Disability Rights Arkansas' Jan. 14 report found 25 instances in September in which residents at the Booneville center, which had 122 residents at the time, were strapped to a padded board.

By comparison, such "mechanical" restraints were used three times each that month at the Jonesboro Human Development Center, which had 104 residents, and the Warren Human Development Center, which had 92 residents.

The Arkadelphia Human Development Center, which had 117 residents, didn't report any uses of such restraints that month, according to the disability group's report.

During the same month, the Booneville center reported 23 instances in which residents were given "chemical" restraints in the form of sedatives or other drugs.

That compared with two such instances at the Jonesboro center and no instances at the Arkadelphia or Warren centers.

The use of restraints was also cited in a January 2015 report by Disability Rights Arkansas that also noted the poor condition of some of the Booneville center's buildings and recommended its closure.

In response to that report, the state adopted policies to give staff members more "non-physical de-escalation" approaches and ways to set "appropriate limits that help calm behaviors," according to a Human Services Department statement.

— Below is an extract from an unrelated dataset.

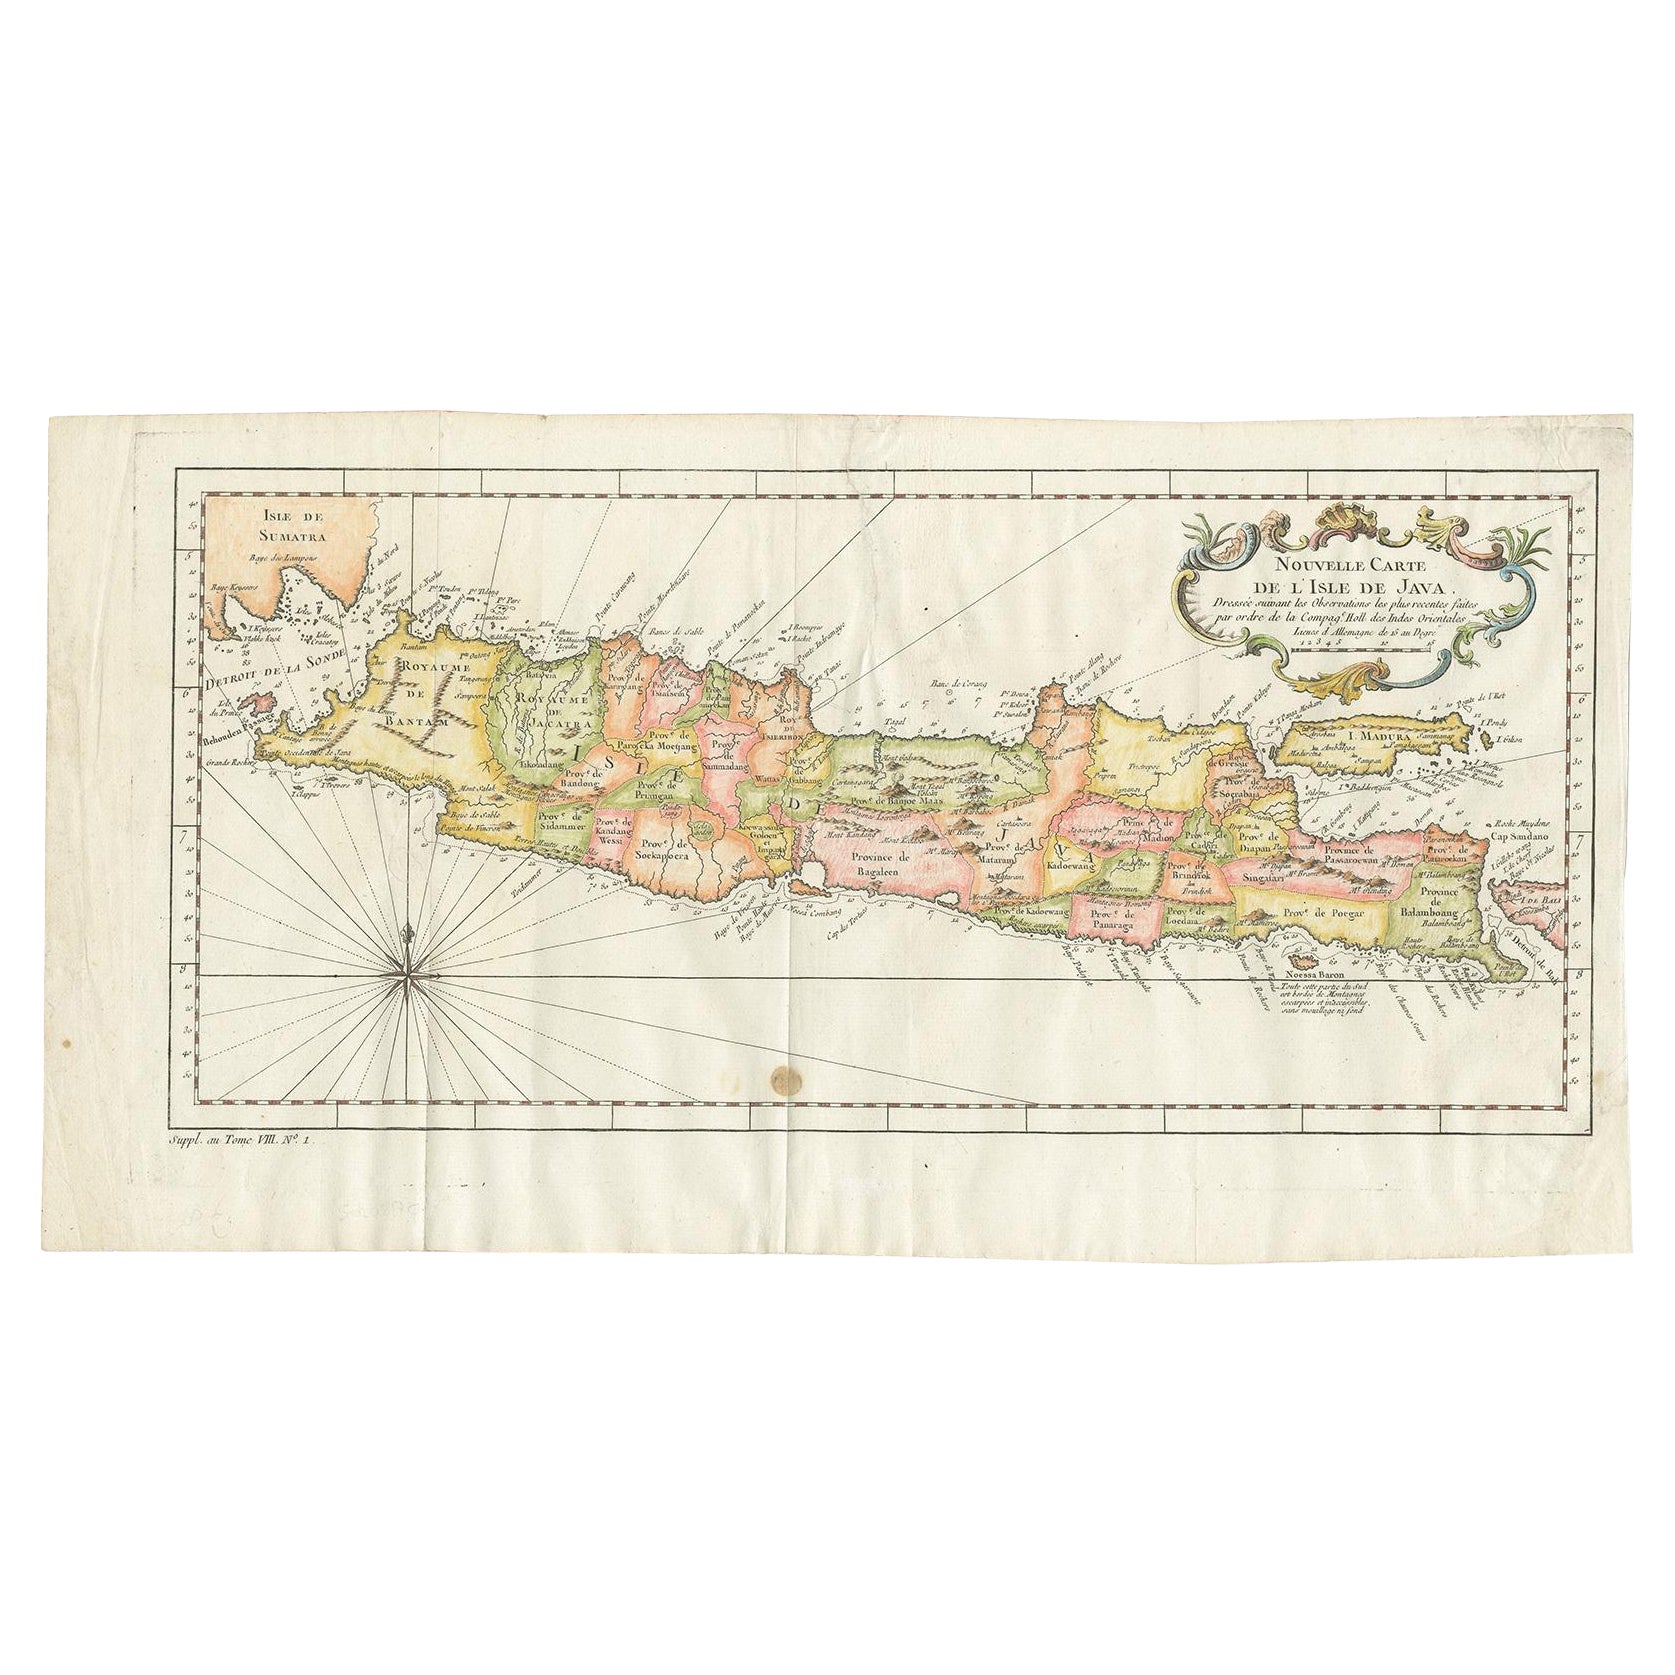 Carte ancienne colorée de l'île de Java et de Madura, Indonésie, vers 1760

All human development center staffs will be trained on the techniques by the end of this month, department spokesman Amy Webb said Monday.

A Jan. 26 report by Disability Rights Arkansas focused on the death of Shateria Diggs, who had been physically restrained more than 40 times, for a total of almost 37 hours, from January 2014 to February 2015.

Her death on Feb. 26, 2015, came after she threw up and choked on cereal in a TV room.

Although Diggs had been taking anti-seizure medication, a psychiatrist in December 2014 reported that the attacks were "likely pseudo seizures" and diagnosed her with "factitious disorder," indicating she was faking the seizures, according to the Disability Rights Arkansas report.

Diggs' treatment plan called on the staff to ignore Diggs' jerks and twitches during the seizurelike episodes but to monitor her using their peripheral vision.

A supervisor who found Diggs on the floor told the advocacy group that she assumed Diggs was faking a seizure and wasn't sure whether she needed medical attention, according to the group's report. The supervisor was quoted as saying she was uncomfortable attempting to distinguish between a medical emergency and fake seizures.